On November 20, 1991, a SECRET CIA cable was transmitted from within the collapsing Soviet Union. Its subject line read simply: "KGB OFFICIAL NIKONOV." What it contained was far more significant than that bland header suggests. The cable documented that Vyacheslav Nikonov — grandson of Soviet Foreign Minister Molotov and a rising KGB official — had personally reviewed the KGB's complete intelligence files on Lee Harvey Oswald. His findings, relayed through a CIA source who dined at Nikonov's home, paint a picture that contradicts decades of Cold War mythology about the Kennedy assassination.
This document, classification number 104-10014-10064, was released under the President John F. Kennedy Assassination Records Act. Stamped "SECRET" and marked "TEMPORARY WORKING COPY — DESTROY AFTER USE," it was never meant for public eyes. The instruction to destroy it makes its survival all the more remarkable.
What the KGB Found in Five Thick Volumes
Let's be clear about what this document tells us. A senior KGB official — the grandson of Molotov, deputy to the KGB Director himself — personally sat down and read through the complete Soviet intelligence files on Lee Harvey Oswald. Five thick volumes. This wasn't a cursory review. This was a thorough examination conducted in preparation for the first-ever formal KGB-CIA liaison relationship, because Nikonov knew the Americans would ask about Oswald.

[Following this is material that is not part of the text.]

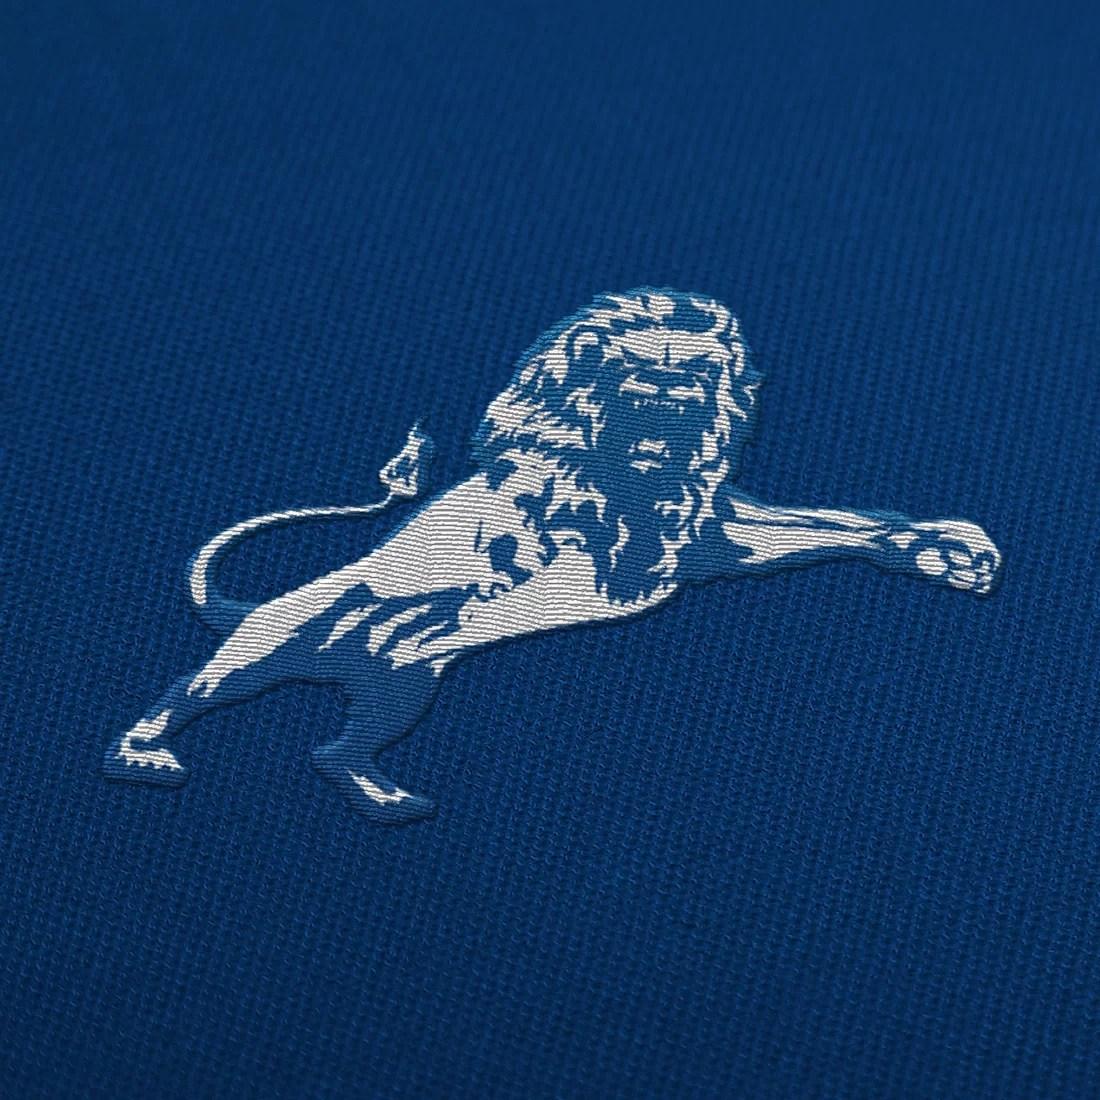 Millwall crest mockup

The KGB Never Controlled Oswald
Nikonov concluded with confidence that "Oswald was at no time an agent controlled by the KGB." This demolishes the theory that Oswald was a Soviet asset sent back to America on a mission. The KGB had every reason to claim Oswald wasn't theirs — but five volumes of surveillance files backing up that claim give it weight.
Nobody Could Control Oswald
From the KGB's own descriptions, Nikonov "doubted that anyone could control Oswald." The files portrayed a volatile, unpredictable individual — not the profile of a reliable intelligence asset for any agency. And yet, Oswald moved through the most sensitive intelligence environments of the Cold War with remarkable ease.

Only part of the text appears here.